Zero harvest expected for Bathurst caribou

Zero harvest expected for Bathurst caribou
Low herd numbers likely mean an outright ban on Bathurst caribou harvest this year.Photo: Alex Hall.

It’s a tough decision that no one wants to make, but those sitting around the caribou management table in the Northwest Territories anticipate a total ban on the harvest of Bathurst caribou to come down before Christmas.

Aboriginal leaders met last Friday with the department of Environment and Natural Resources (ENR) for the third time since the numbers emerged showing a drastic decline in the population of the Bathurst and Bluenose-East barren-ground herds.

After running out of time to make any real decisions, yet another meeting is being scheduled for the end of the month. ENR Minister Michael Miltenberger was reluctant to give details on what will be his final recommendation, but Earl Evans of the NWT Métis Nation said everyone should expect zero harvest on the Bathurst, at least for one or two years.

“Damn rights you should expect it. What else can they do? We can’t afford another hunt,” he said of the forthcoming recommendation.

“It’s not a very good situation right now to be hunting with the numbers the way they are. They are really, really low. The Bathurst herd is in real trouble.”

ENR officials were “alarmed” to see the Bathurst population drop to 15,000 animals from the 460,000 that existed in the mid-1980s. Similarly, the Bluenose-East have dropped to around 30,000 animals.

Miltenberger said the situation, in his mind, amounts to a clear emergency that requires immediate action.

“It’s a very tough, emotional, political issue, but at the end of the day, our fundamental obligation is to protect the herds,” he said. “There’s no avoiding that for any government.”

Apart from a ban on the Bathurst, Evans said the other recommendation being put forward is a tag system for the Bluenose-East.

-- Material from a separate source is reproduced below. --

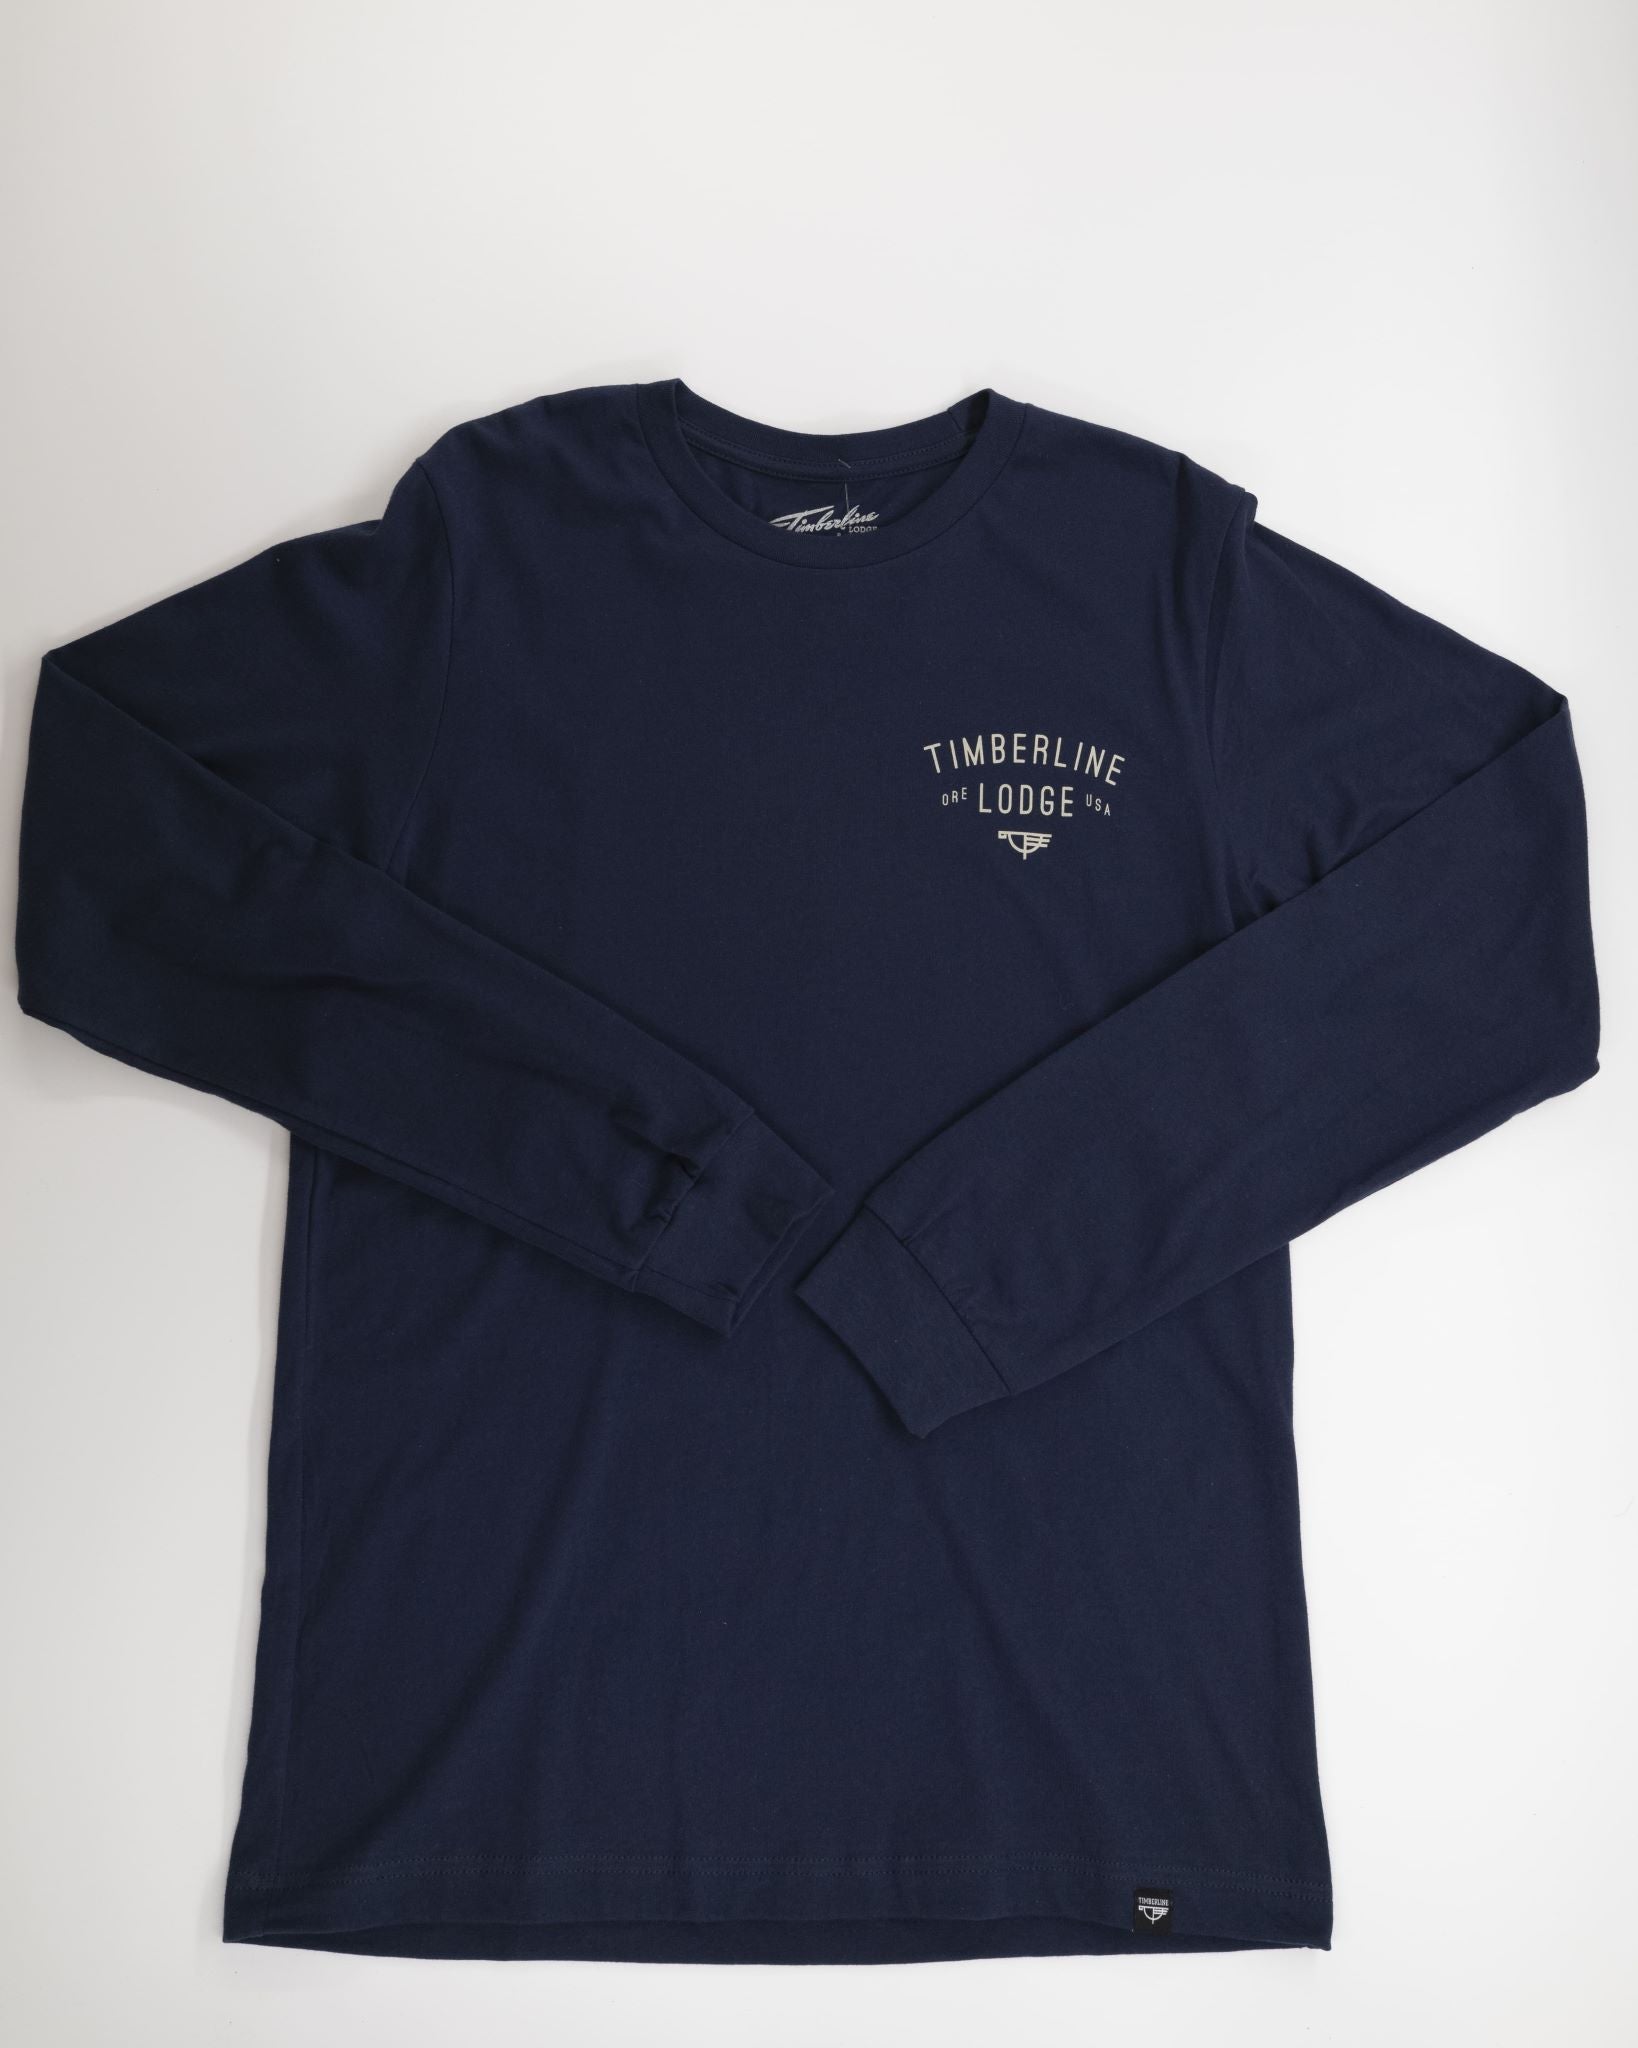 Arrowhead Fire Adult Long Sleeve Shirt

Though voluntary restrictions limit the harvest to 2,800, the hunting of twice to three times as many animals since restrictions were imposed on the Bathurst has shown the minister that “voluntary doesn’t work.” Evans said the department is now considering imposing a quota of 1,200 animals.

Along with harvesting restrictions, the department is also discussing predator control, or wolf culling, along with cumulative impacts, industrial development and education on caribou protection.

Though previous discussions resulted in a reluctant, but general, consensus on the part of Aboriginal governments in favour of a zero harvest for the Bathurst last month, Evans said political pressure from the communities pushed the conversation the other way last week, with representatives from the Tlicho Government opening the meeting by contesting ENR’s numbers and defending their treaty rights.

“It was a real turnaround, which is sad to say,” Evans said. “I thought we had accomplished something.”

Evans said the Métis have voluntarily stopped harvesting those herds for the past five years, and said it is time other Aboriginal governments to “start making sacrifices too.”

Representatives from the Tlicho Government did not respond to requests for comment.

The conversation has also been complicated by news from Nunavut’s deputy minister that 70 tags for the Bathurst are legally sold to outfitters across the border each year, meaning hunters from the south are able to take from the herd while subsistence Aboriginal harvesters may not.

“If it was subsistence, people would be much more understanding, but when it’s for profit, that’s problematic,” said Miltenberger, who indicated more discussions would need to be had with the Nunavut government.

“We share many of these herds and their calving grounds,” Miltenberger said, “so we’ve got to get something more definitive from them.”

In the future, Miltenberger hopes to have management plans in place for both the Bathurst and Bluenose herds with outlined thresholds and triggers that prevent a “political uproar” from taking place each time new population counts are released.

He said all governments at the table recognize “there’s no use having a harvesting right if there’s nothing left to harvest,” but said it remains to be seen what the First Nations have to say on the matter. Métis representatives currently support the ENR recommendations.

Miltenberger said he is “confident” the right decision will be made to ensure the survival of the herds.

“You know how I know that? Because I am the one with the final say,” he said.